Use of Biotene Moisturizing Mouth Spray for Xerostomia Associated With Oral Oxybutynin Use

Status:
Withdrawn
Trial end date:
2019-12-30
Target enrollment:
0
Participant gender:
Female
Summary
This is a randomized placebo controlled trial of the use of Biotene versus no treatment in women receiving oral oxybutynin for overactive bladder.
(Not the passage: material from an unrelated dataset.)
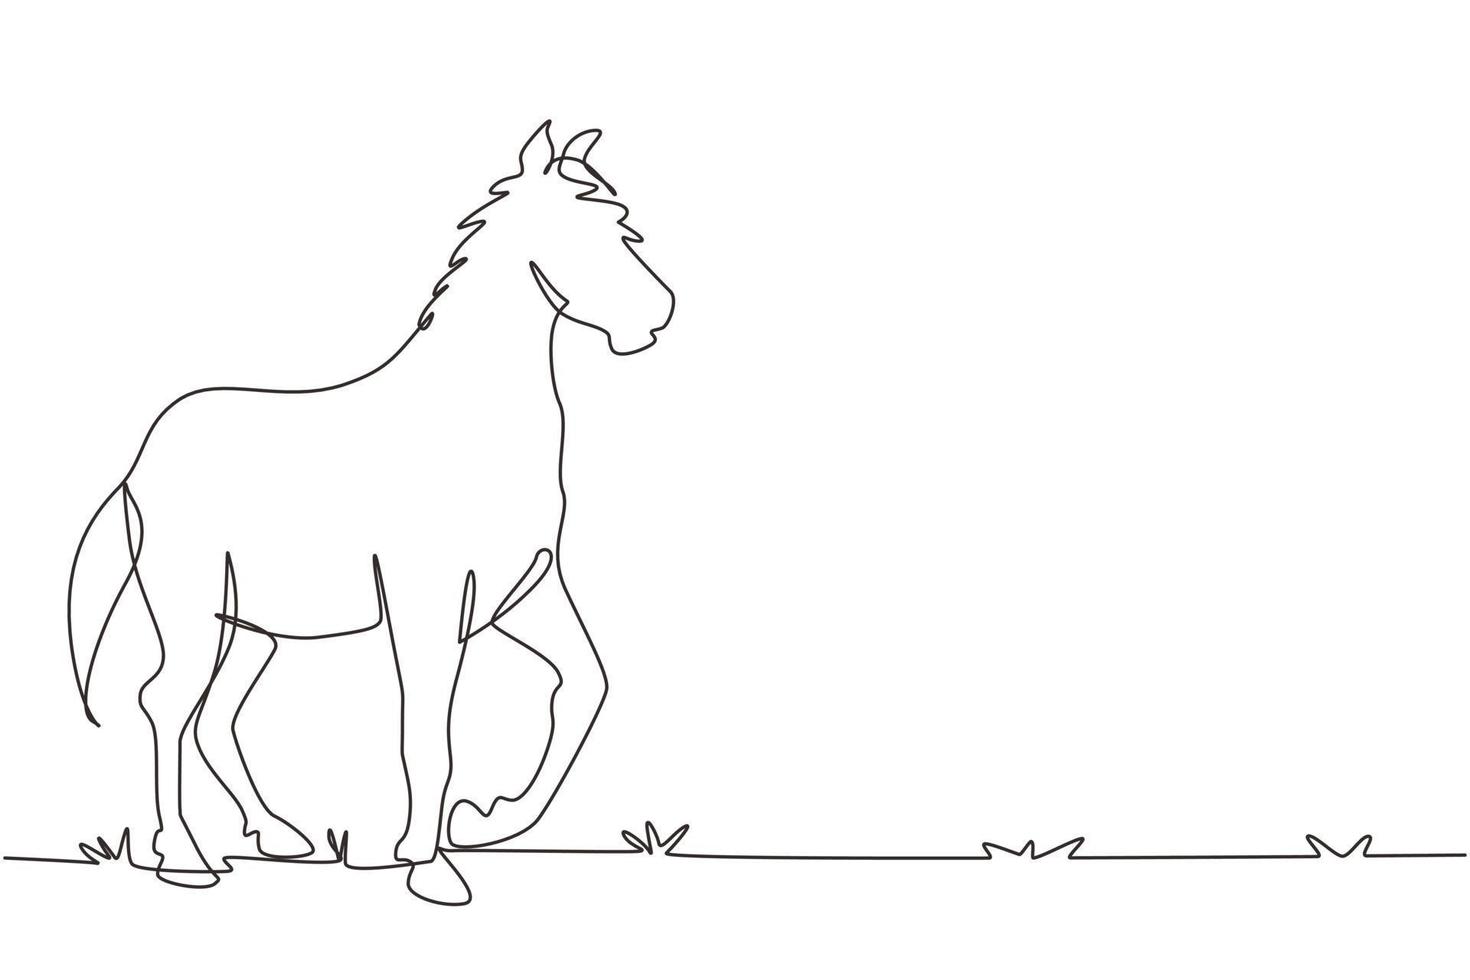 único desenho de uma linha executando o esboço do cavalo do garanhão árabe.  cavalo de raça pura galopando da raça árabe. símbolo de corrida de cavalos,  distintivo de esporte equestre. vetor gráfico
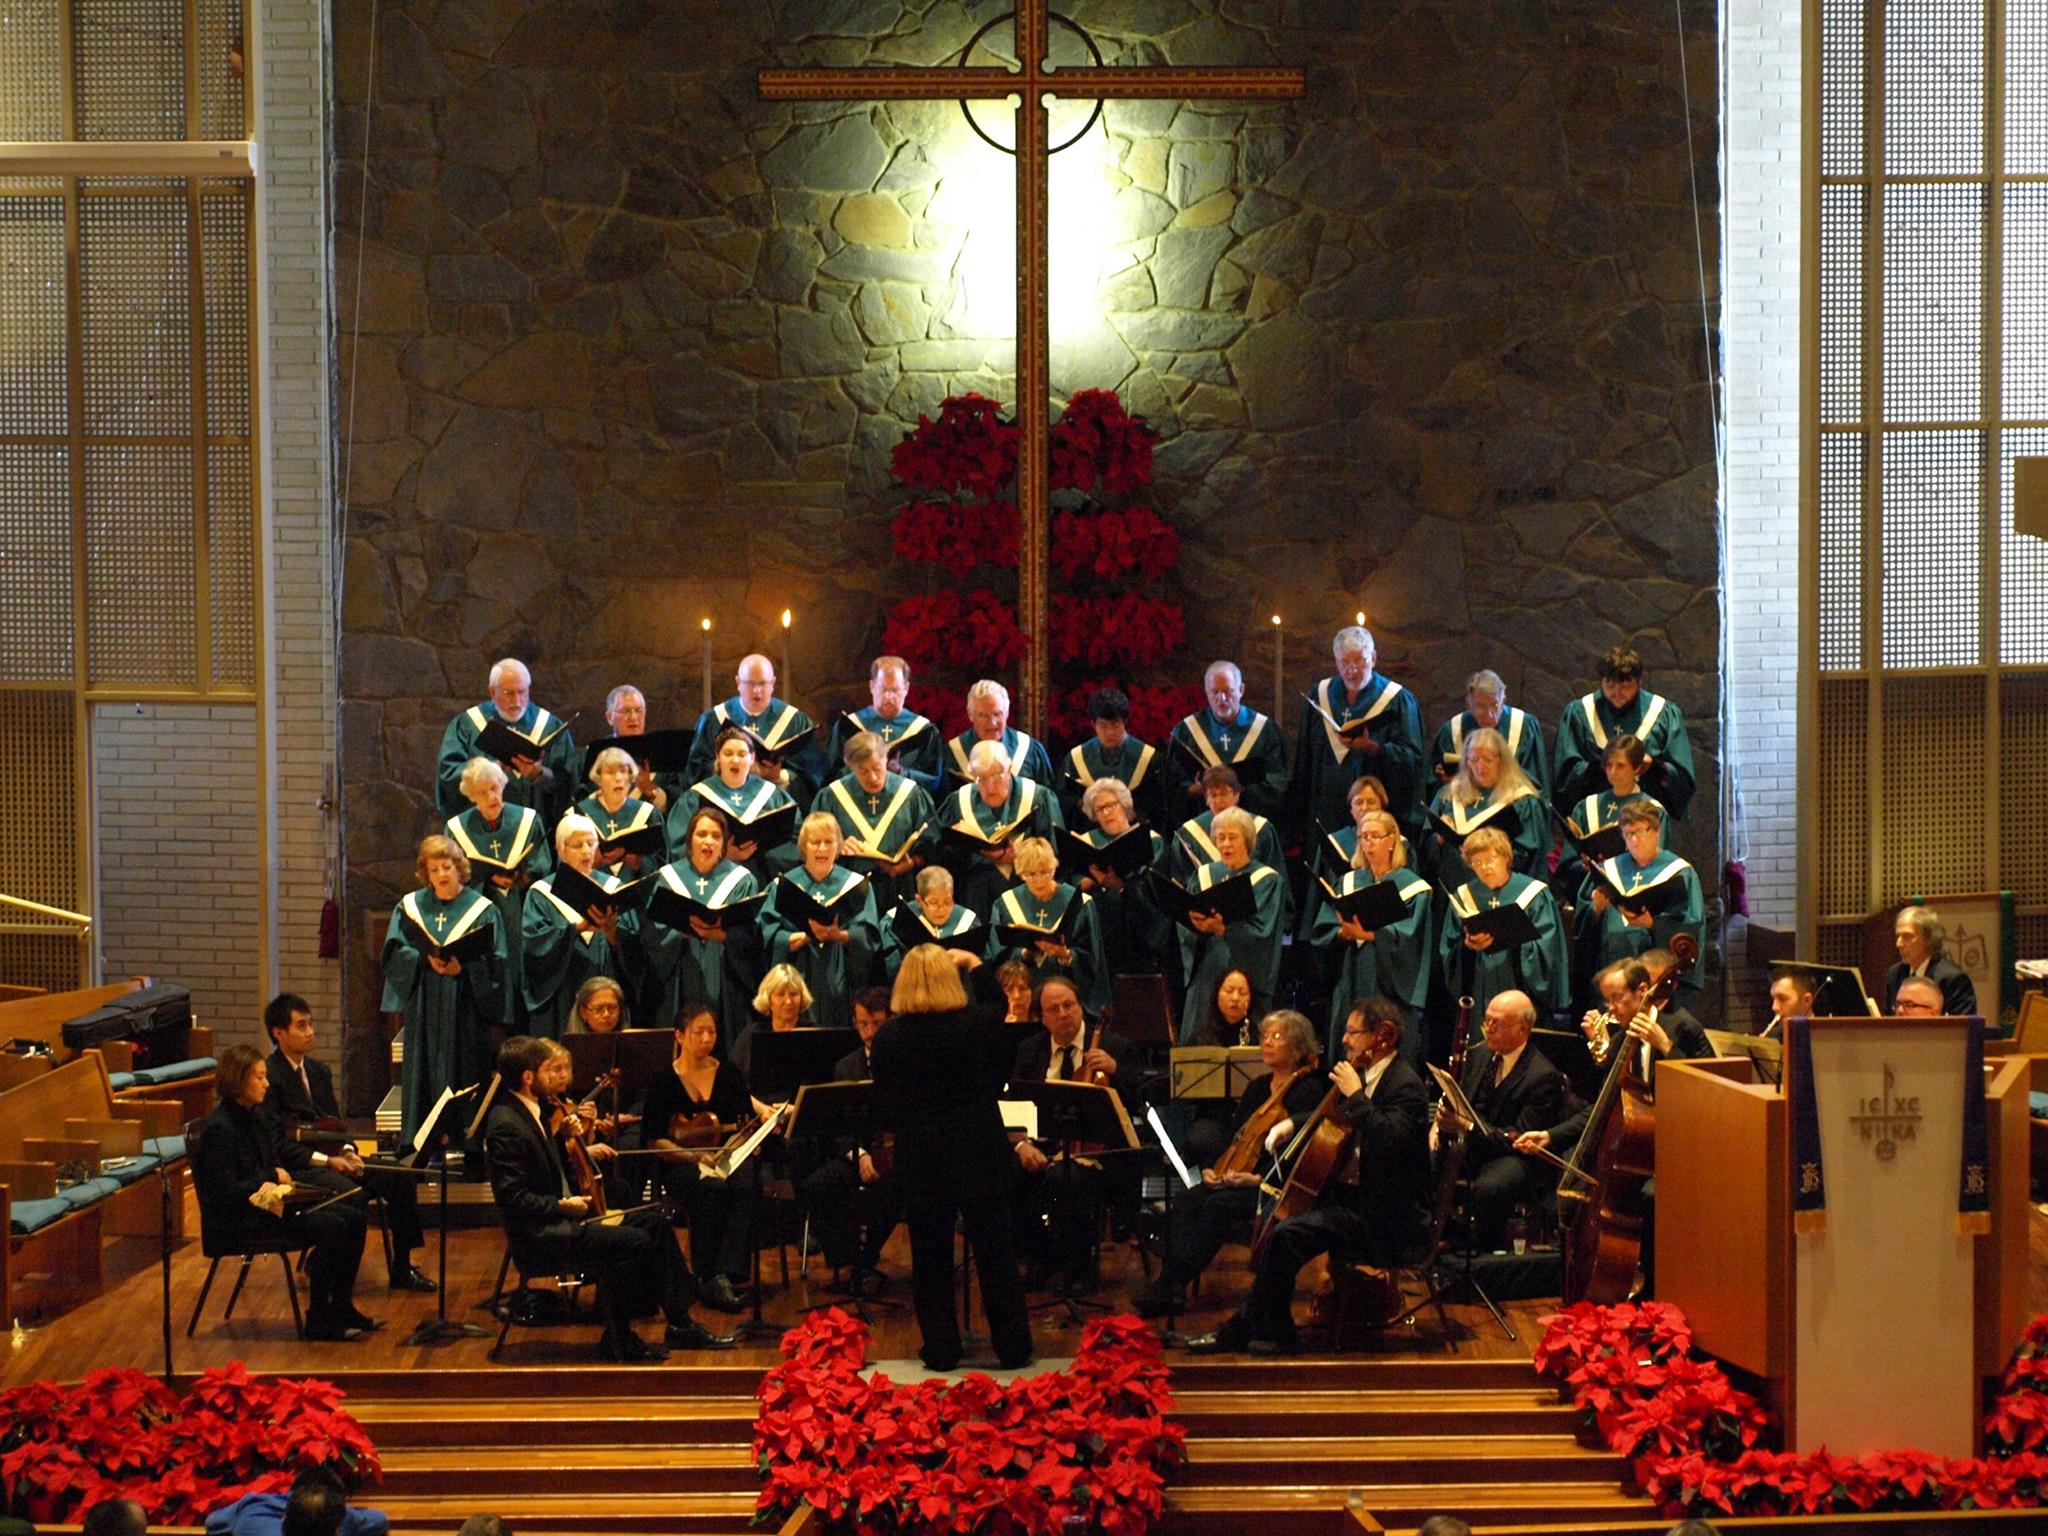   Choir

The primary outcome will be rate of discontinuation of oxybutynin at 6 month.
Phase:
Phase 4
Accepts Healthy Volunteers?
No
Details
Lead Sponsor:
University of Southern California
Treatments:
Muramidase
Oxybutynin
Criteria
Inclusion Criteria:

- Age >18

- Able to give informed consent

- Women diagnosed with overactive bladder or urgency incontinence who are being started
on oral oxybutynin.

Exclusion Criteria:

- Any allergy to Biotène® Moisturizing Mouth Spray or its components

- Any contraindication to oxybutynin, including urinary retention (PVR > 100ml), gastric
retention and other severe decreased gastrointestinal motility conditions,
uncontrolled narrow-angle glaucoma and in patients who are at risk for these
conditions, and patients who have demonstrated hypersensitivity to the drug substance
or other components of the product.

- Using ocular anti-cholinergic agents, treatment for dry mouth or oral anti-muscarinics
in the preceding 3 months.

- Prior history of head/neck surgery or radiation (excluding thyroid surgery).